Something i find even worse than paid online subscription: online passes.
Those have thankfully seemed to go away. But, in their place, we’re now getting “season passes.” See, with an online pass, you’re literally paying a fee to access the multiplayer, which is meant to be one of those “used games reselling” deterrents.
But that actually doesn’t work, because most of the games with online passes probably have dead or dying multiplayer communities at this point. If you’re buying a used game with an online pass, chances are you can’t play much of it online anyway.
A “Season Pass” basically plays in to the same pre-order culture that has become so ingrained in to the game industry anyway. It’s a matter of convenience for a lot of people. Instead of paying $3-$8 per DLC pack as they release, you buy one season pass for $15-$50 and get all future DLC on the day it releases.
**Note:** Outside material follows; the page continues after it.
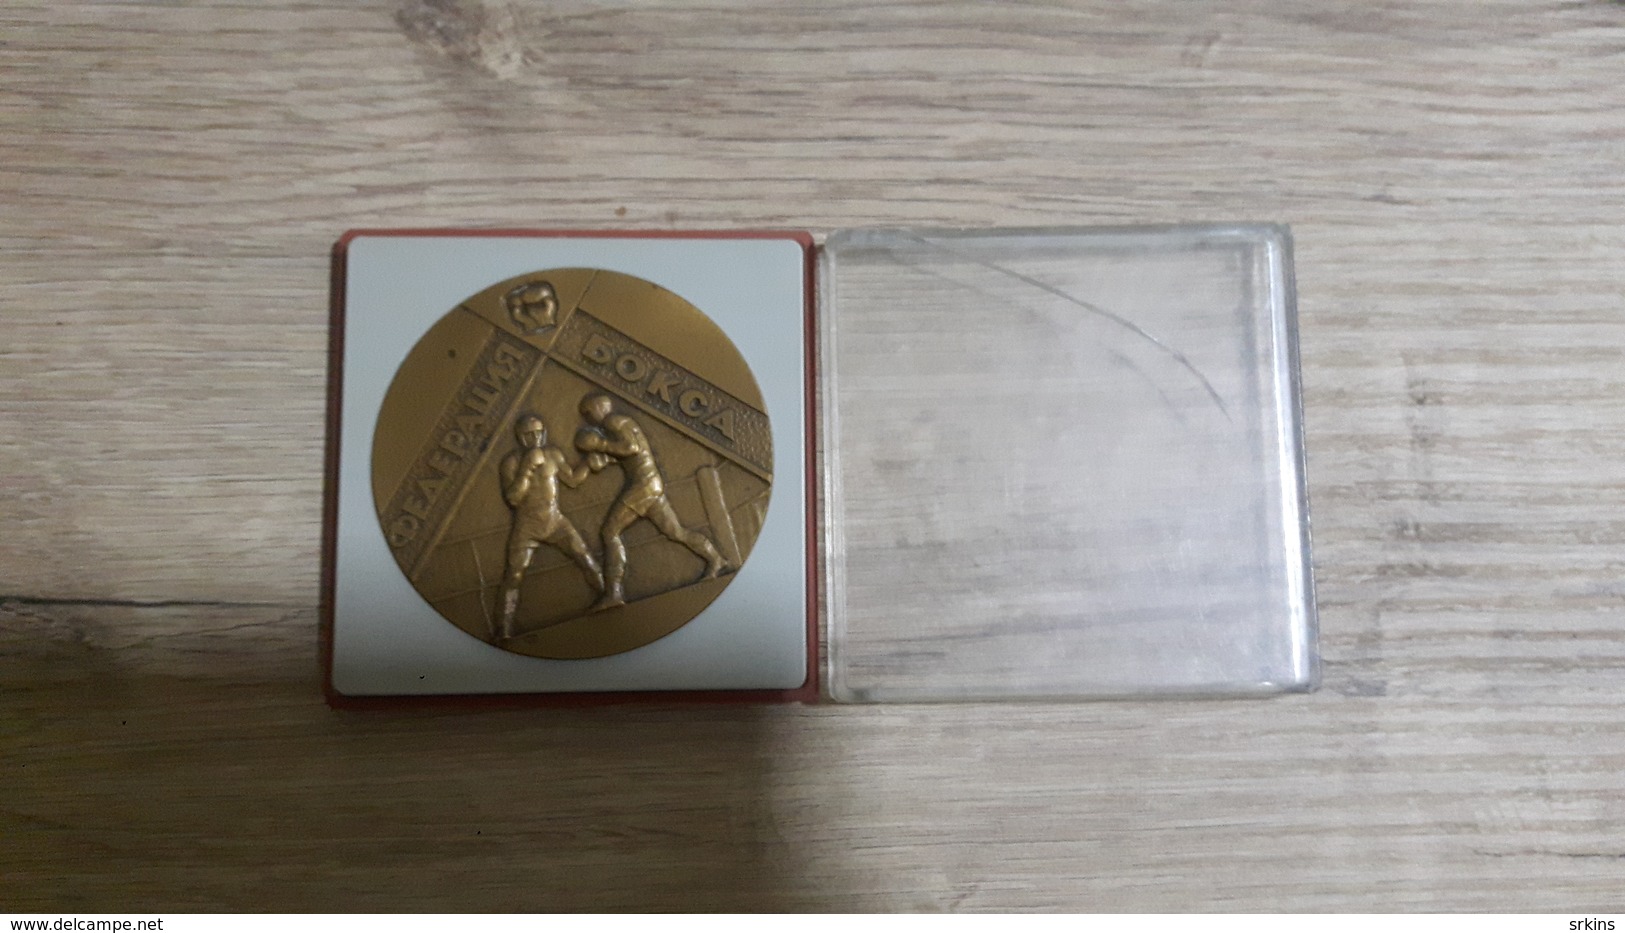 Plaque Boxing Box Leningrad (Saint Petersburg) Federation USSR Russia - Apparel, Souvenirs & Other

Which admittedly is actually… fine? I guess? Maybe? I mean, if it’s worth it. I bought the season pass for Mario Kart 8 and I have no regrets about that. The price was extremely reasonable (I think it was $12?) for something like 40% more tracks to race on.
But Season Passes inherit a lot of the same problems that DLC in general does, and that’s putting the cart before the horse. It’s about designing a game and specifically having DLC as part of the design document, like a developer is specifically holding content back to sell separately later on. In the case of Mario Kart 8, there were hints at DLC possibly existing in the game code at launch, but it was months after release before Nintendo actually confirmed their DLC plans and revealed the season pass (presumably in that scenario, the DLC code on the retail disc was a “just in case” measure).
Then you have Evolve, which teased DLC and season pass content before showing any gameplay footage or even screenshots. Something similar just happened with Shadow of War – the box art and DLC plans leaked nearly 48 hours in advance of the trailer reveal, and even then, the trailer itself was all CG. For at least a week we knew a game was coming, we knew what DLC it was going to have, but we had no idea what the game itself actually looked or played like, outside of a vague assumption.
That’s bad. Really bad. That’s the very definition of “counting your chickens before they hatch.” It’s those kinds of practices that add on to the razors edge most AAA developers dance upon, where any tiny misstep can sink a multi-million dollar company. At that point they are literally putting themselves in front of a firing squad, hoping for the guns to jam.